DATA SHOWN.
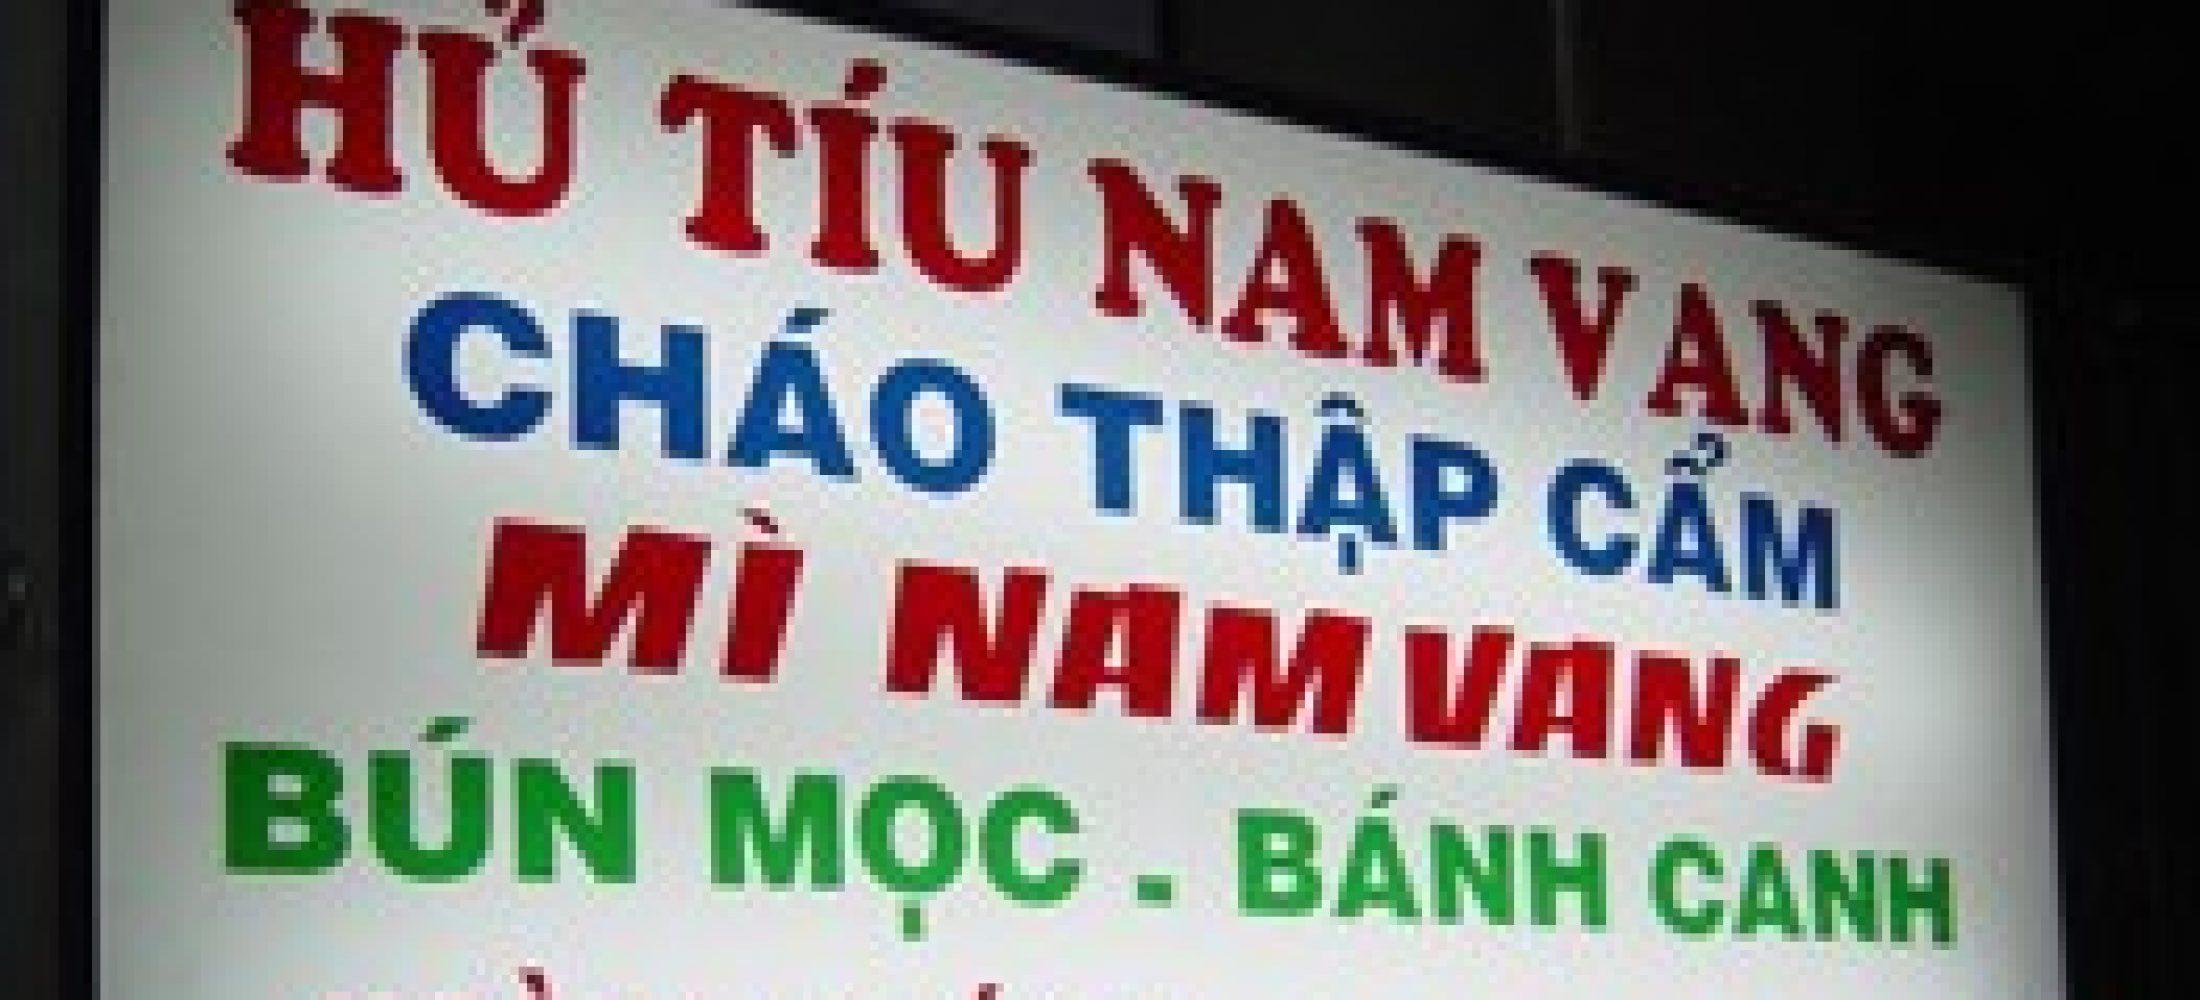 Viettnames sign
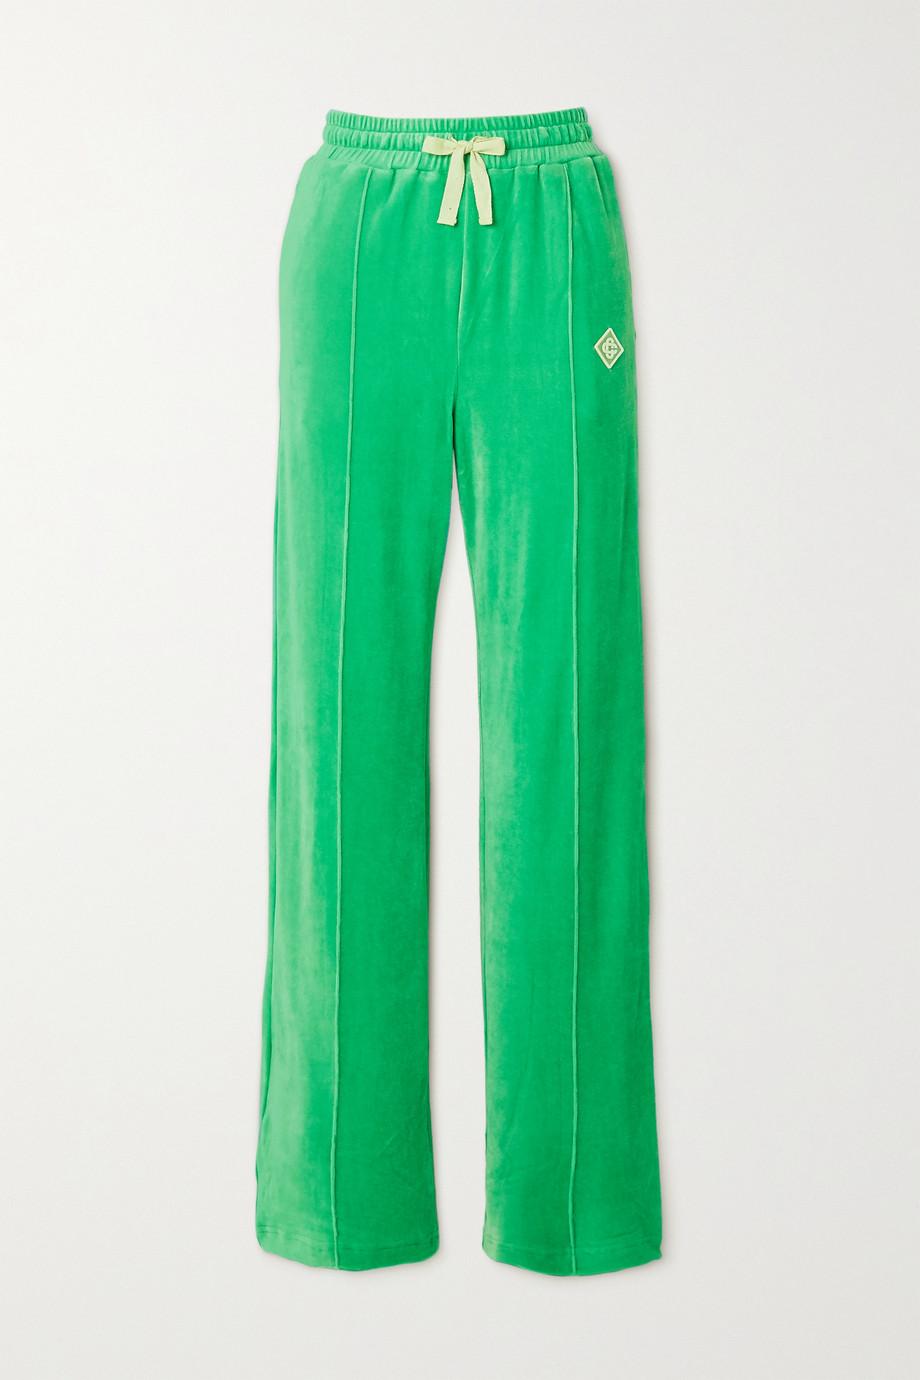 Casablanca Appliquéd velour track pants
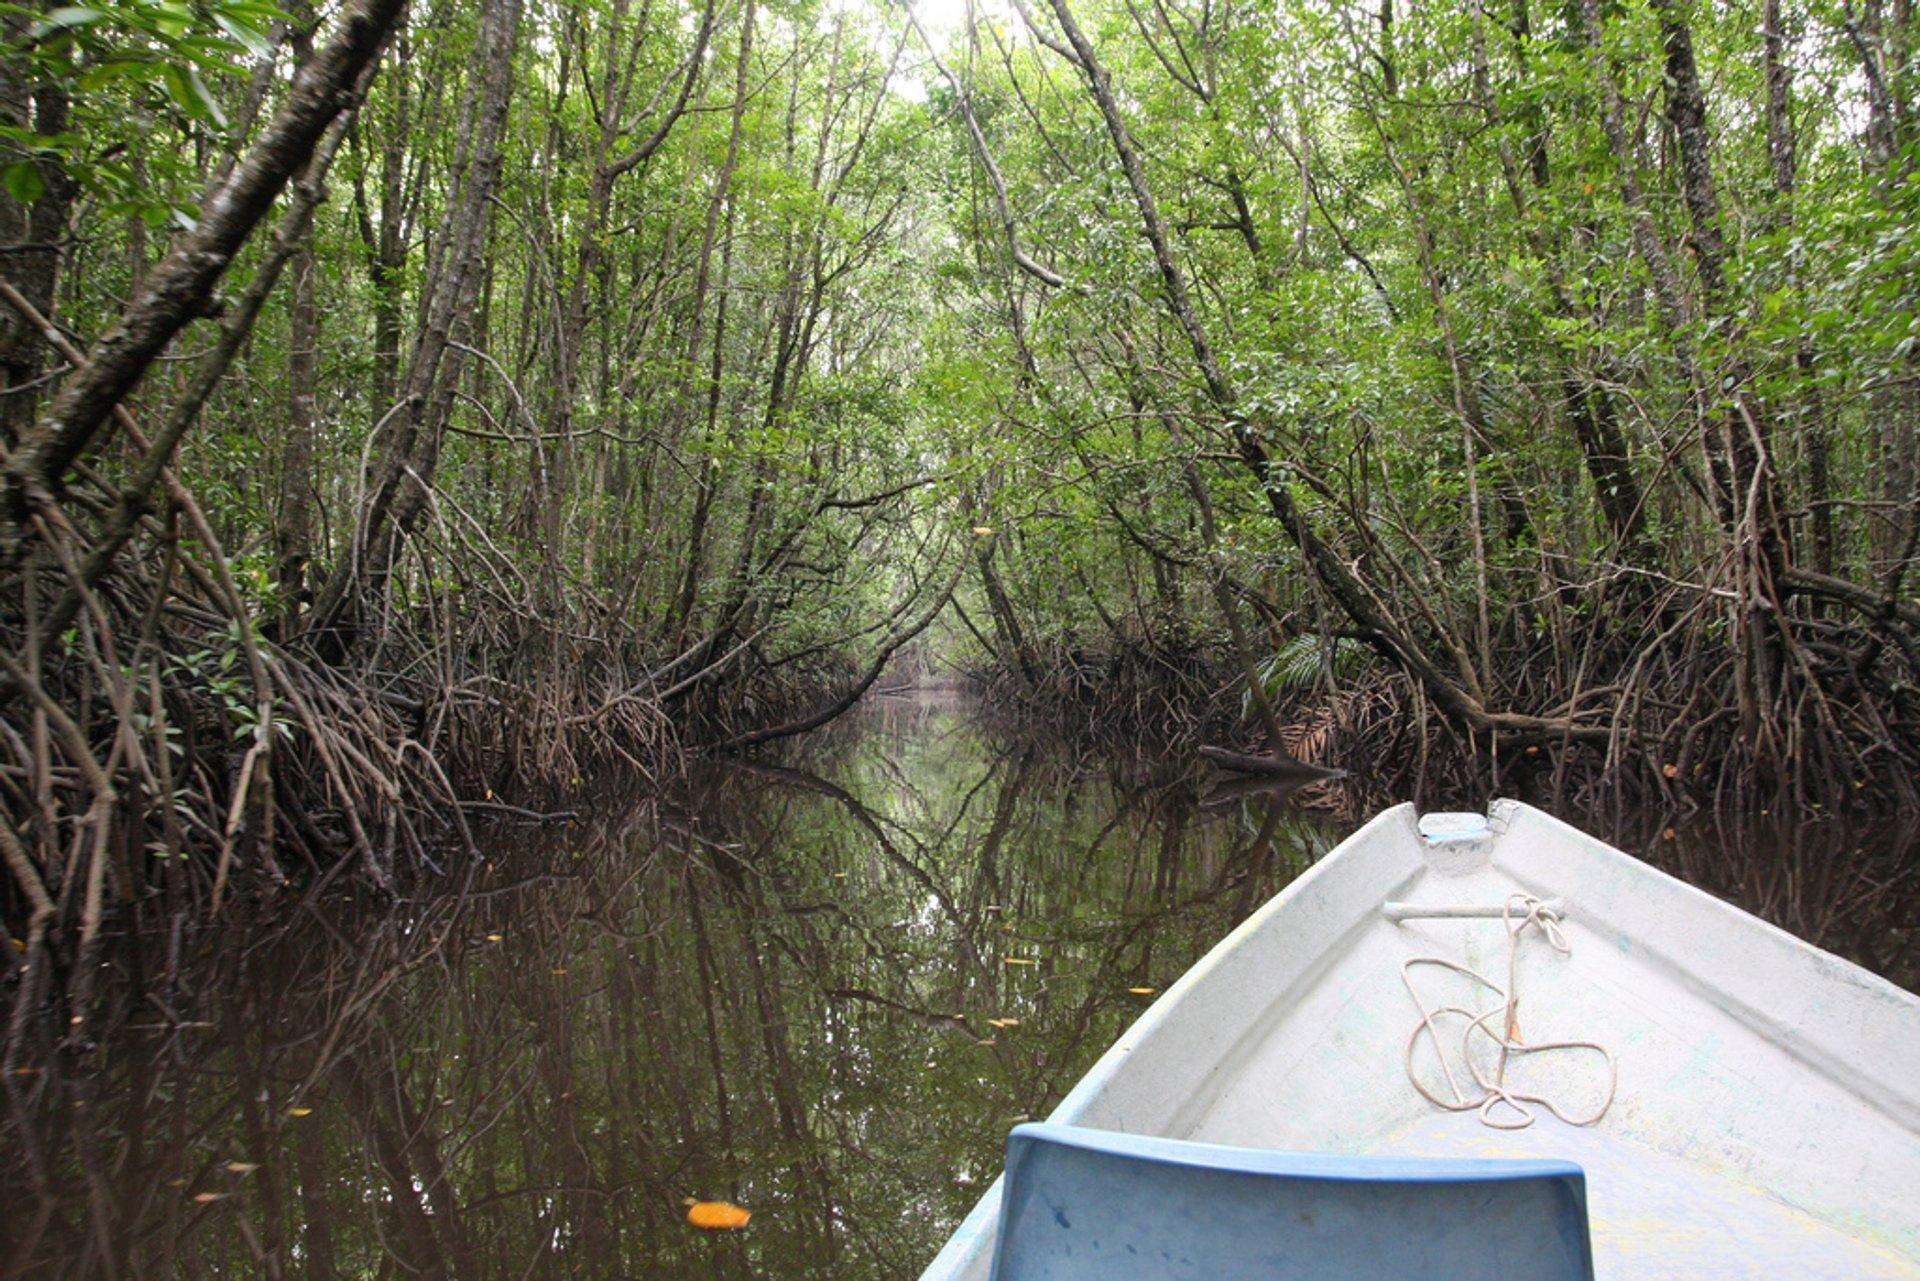 Boating around mangrove in Kampung Cherating, Pahang, Malaysia 2020
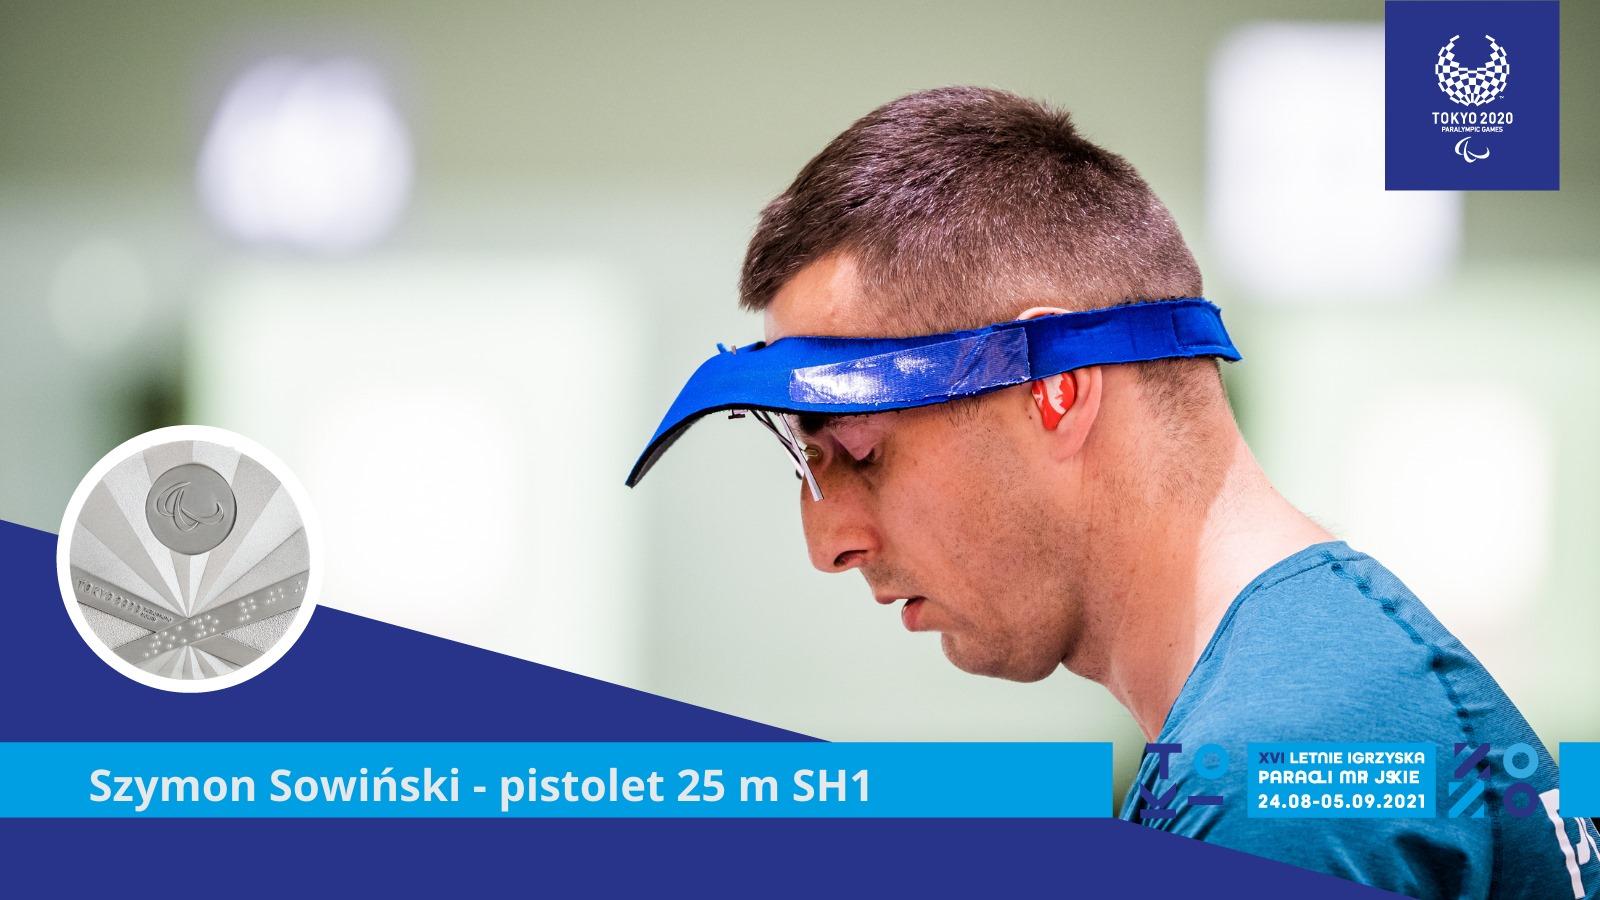 SREBRNY MEDAL W PARASTRZELECKIEJ KONKURENCJI PISTOLETU Z 25 M DLA SZYMONA SOWIŃSKIEGO! 1 - Start Poznań

WHAT THE EXERCISE ASKS.
Repeat all the data as it stands, dropping any images it holds.

TASK RESULT.
 Viettnames sign
 Casablanca Appliquéd velour track pants
 Boating around mangrove in Kampung Cherating, Pahang, Malaysia 2020
 SREBRNY MEDAL W PARASTRZELECKIEJ KONKURENCJI PISTOLETU Z 25 M DLA SZYMONA SOWIŃSKIEGO! 1 - Start Poznań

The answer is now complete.